Kamal Hasan’s fair skin empowered him to distort his body; right, Srinivasan portrayed the identity conflicts of a dark-skinned man

So, all across the cinemas of India, one can see the adoration of the fair-skinned bodies as beautiful, virtuous and heroic, and the abhorrence of the dark-skinned as its evil or perverse other. This narrative world of the caste unconscious is founded upon and nurtured through endless reiteration of the darker shades of skin as ugliness, cruelty, poverty, destitution, evilness and immorality. They project and magnify white egos through gross physical juxtapositions, direct insults and expletives in the form of jokes. Hence, the ubiquity of dark sidekicks, the receptacles of abuse who shadow fair heroes and heroines, and dark villains who, through defeat and decimation, vindicate the inherent supremacy of the white.

Two Iconic Bodies in Tamil Cinema

Coming to the South, skin colour was always an obsession with Tamil cinema, evoked time and again through its choice and combination of actors and actresses, and references in jokes and songs. Interestingly there is some sort of cross-fascination between North and South at work here. If Bollywood earlier imported south Indian actresses to play heroines to its macho heroes, Tamil cinema soon developed an obsession with fair, north Indian actresses. Since the 1990s, this practice seems less prevalent in Hindi cinema, but it became the norm in Tamil blockbusters. While ‘local’ actresses played the tragic heroines associated with tradition, village and family, north Indian fairies were considered ideal to embody and enact ‘modern’, urban, pre-marital romances. As for the heroes, they were always meant to be ‘indigenous’, and dark skin was not at all a rarity. These male heroes represent the agonising, ambivalent conflicts of male desires and fantasies, and could be divided with regard to pride, anxieties and complexes arising out of one’s skin colour, but they all wore the same hides in their relentless obsession with the fair female body.
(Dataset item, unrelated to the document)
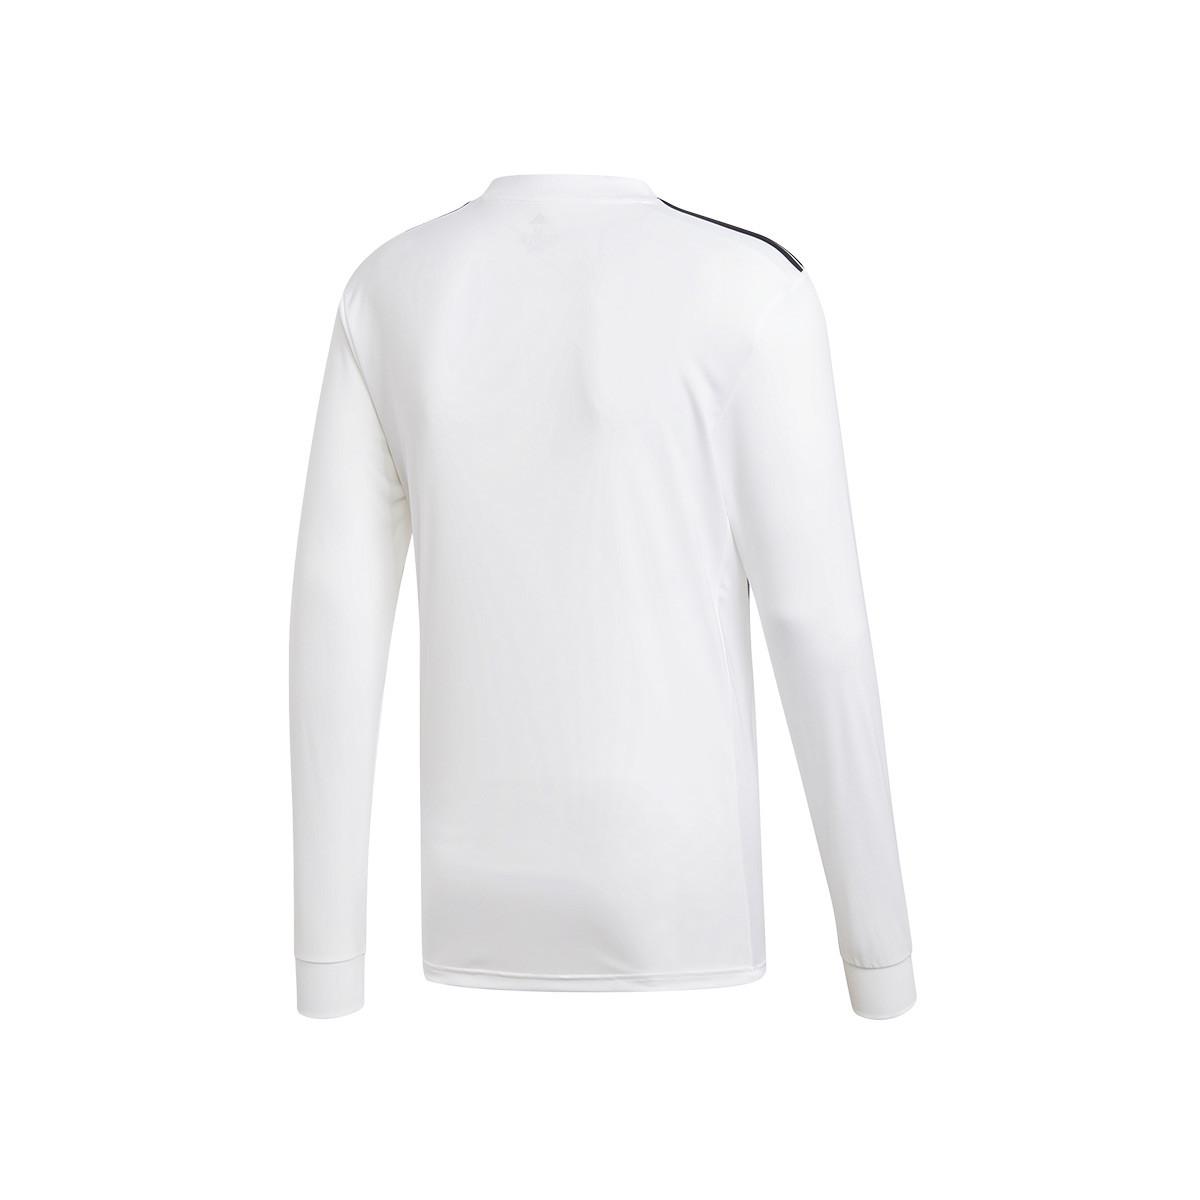 ac6ccb4b Jersey adidas Striped 19 m/l White-Black - Football store Fútbol Emotion

The careers of two iconic stars in Tamil cinema—Kamalahaasan and Rajnikanth—fascinatingly represent the imaginations and fantasies, desires and nightmares of the skin. Rajnikanth’s long, glittering career also reflects Tamil cinema’s agonising and troubled relationship with the dark skin. The evolution of his screen persona from being the dark, diabolic villain to the macho, superhuman superstar is replete with references to dark skin. Interesting too is the parallels with the career of the fair and Brahminical hero-­body of Kamal, who entered the scene at the same time. Their experiments with body-truth make a very interesting contrast: Rajnikanth characters are tied to their skin, always having to extol, curse, celebrate and show it off. For instance, in Shivaji, he bleaches his face to suit the heroine’s desire, while in Yenthiran he transcends it to turn into a robot. Even in Kaala, where blackness is celebrated in all its manifestations—physical, metaphorical and sartorial—it has to garner everything…physical power, mob support, a long history of suffering, and a very fair lover…to justify and legitimise itself. In contrast, Rajni’s other, Kamal, seems obsessed with def­iling, deranging and distorting his fair body: in his career, he has portrayed an array of characters who are physically deformed or mentally challenged; he dwarfs and mauls, ages and shrivels, bloats and shrinks his body to embody and engulf a whole range of human conditions and emotions. Only a ‘neutral’ (read fair/savarna) body has such privileges of transmogrifications and transformations, for they are ‘open’ to the world like a neutral medium. In contrast, for the dark-skinned Rajni, there are no such bodily ‘choices’, as it is always already bound with meaning, closed and thick in its significations.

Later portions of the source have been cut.